Peyton v PWV Acquisition LLC
Decided on December 6, 2012
Published by New York State Law Reporting Bureau pursuant to Judiciary Law § 431.
This opinion is uncorrected and subject to revision before publication in the Official Reports.
Tom, J.P., Mazzarelli, Moskowitz, Abdus-Salaam, Feinman, JJ.
Order, Supreme Court, New York County (Anil C. Singh, J.), entered April 9, 2012, which, to the extent appealed from as limited by the briefs, directed plaintiffs-tenants to post a bond in the amount of $75,000 as an undertaking for preliminary injunctive relief, unanimously affirmed, with costs.
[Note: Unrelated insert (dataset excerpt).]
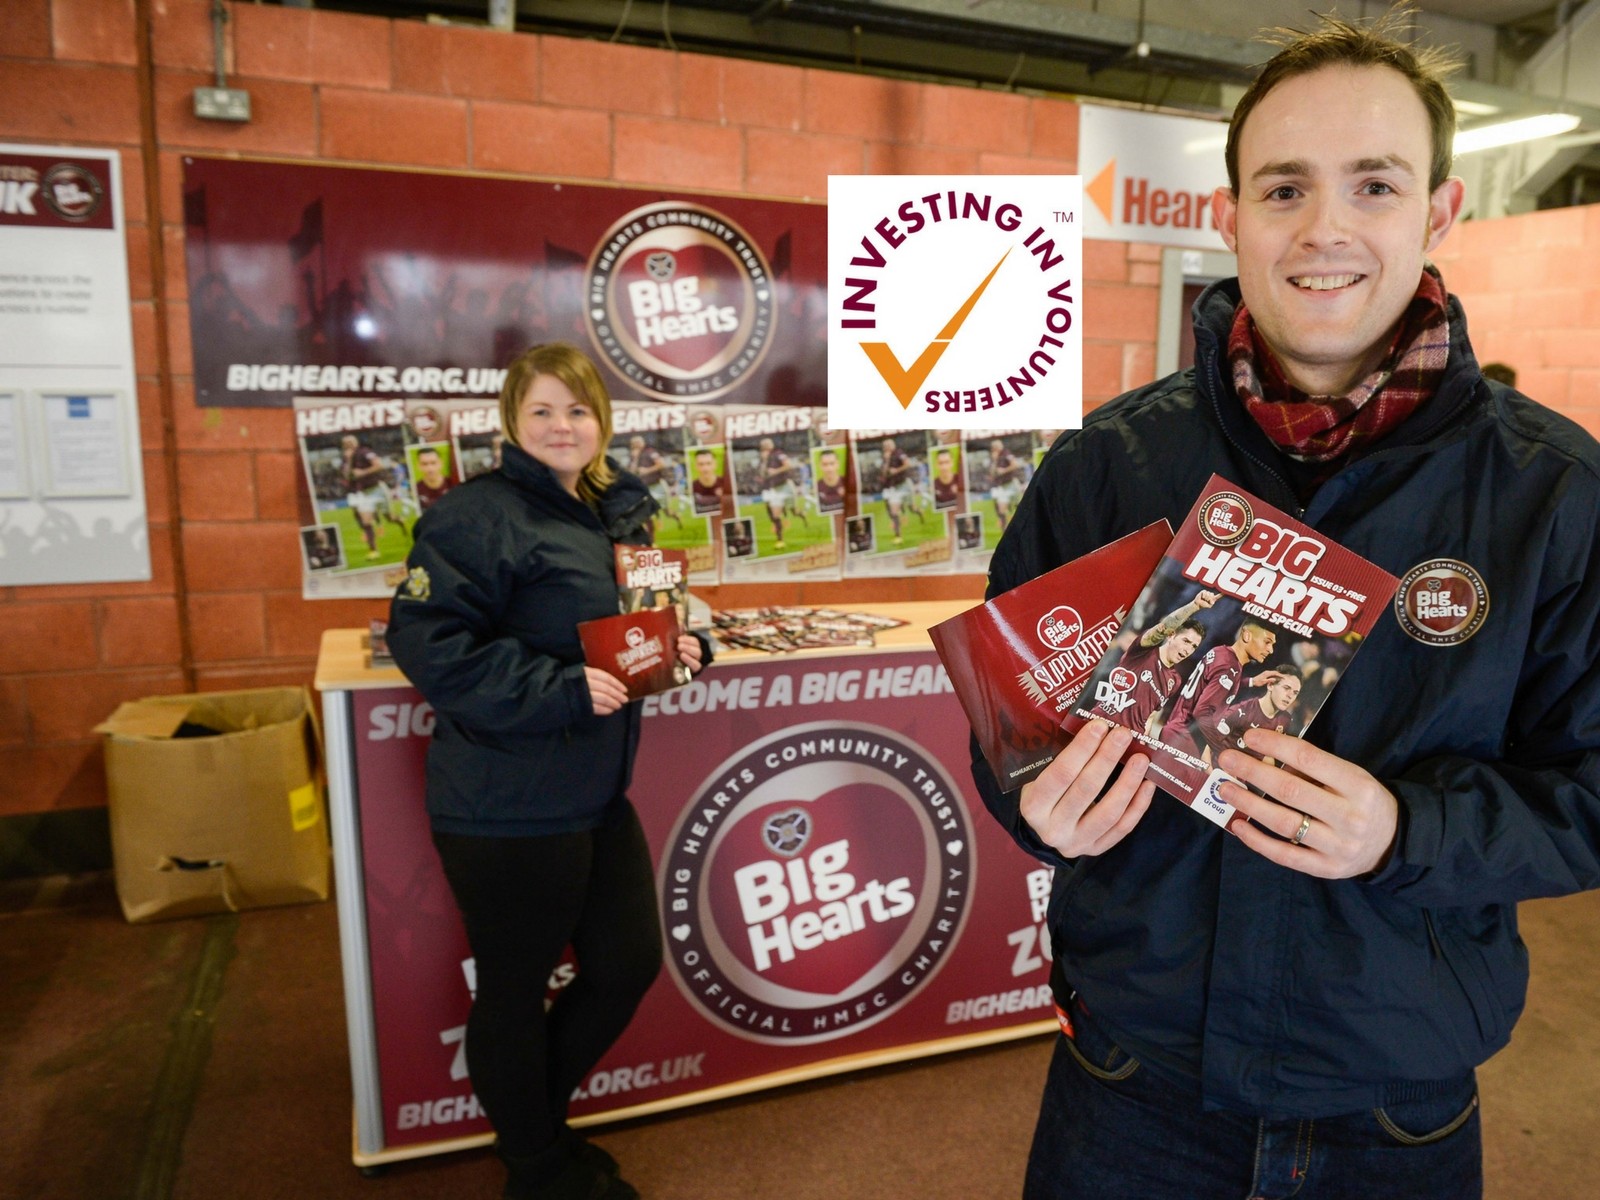  » Big Hearts, 1st charity in Scottish Football receiving the ‘Investing in Volunteers’ Award!

The evidence demonstrated that defendants attempted to modify or substitute an ancillary parking service to which the plaintiffs were entitled, without requisite approval from the Division of Housing and Community Renewal (DHCR). The landlord defendants (PWV defendants) nonetheless entered into a contract to sell the subject open-air parking lot for development purposes to defendant Jewish Home Lifecare, Manhattan, prior to obtaining the requisite approval from the DHCR. In light of the foregoing, and the standard delays that were shown to be attendant to applications by defendants for regulatory approval of proposed building construction, the $75,000 undertaking required by the court, pending final resolution of plaintiffs' action for declaratory and injunctive relief, was rationally related to defendants' potential damages should the preliminary injunction later prove to have been unwarranted (see generally 3636 Greystone Owners v Greystone Bldg., 4 AD3d 122, 123 [1st Dept 2004]).
THIS CONSTITUTES THE DECISION AND ORDER OF THE SUPREME COURT, APPELLATE DIVISION, FIRST DEPARTMENT.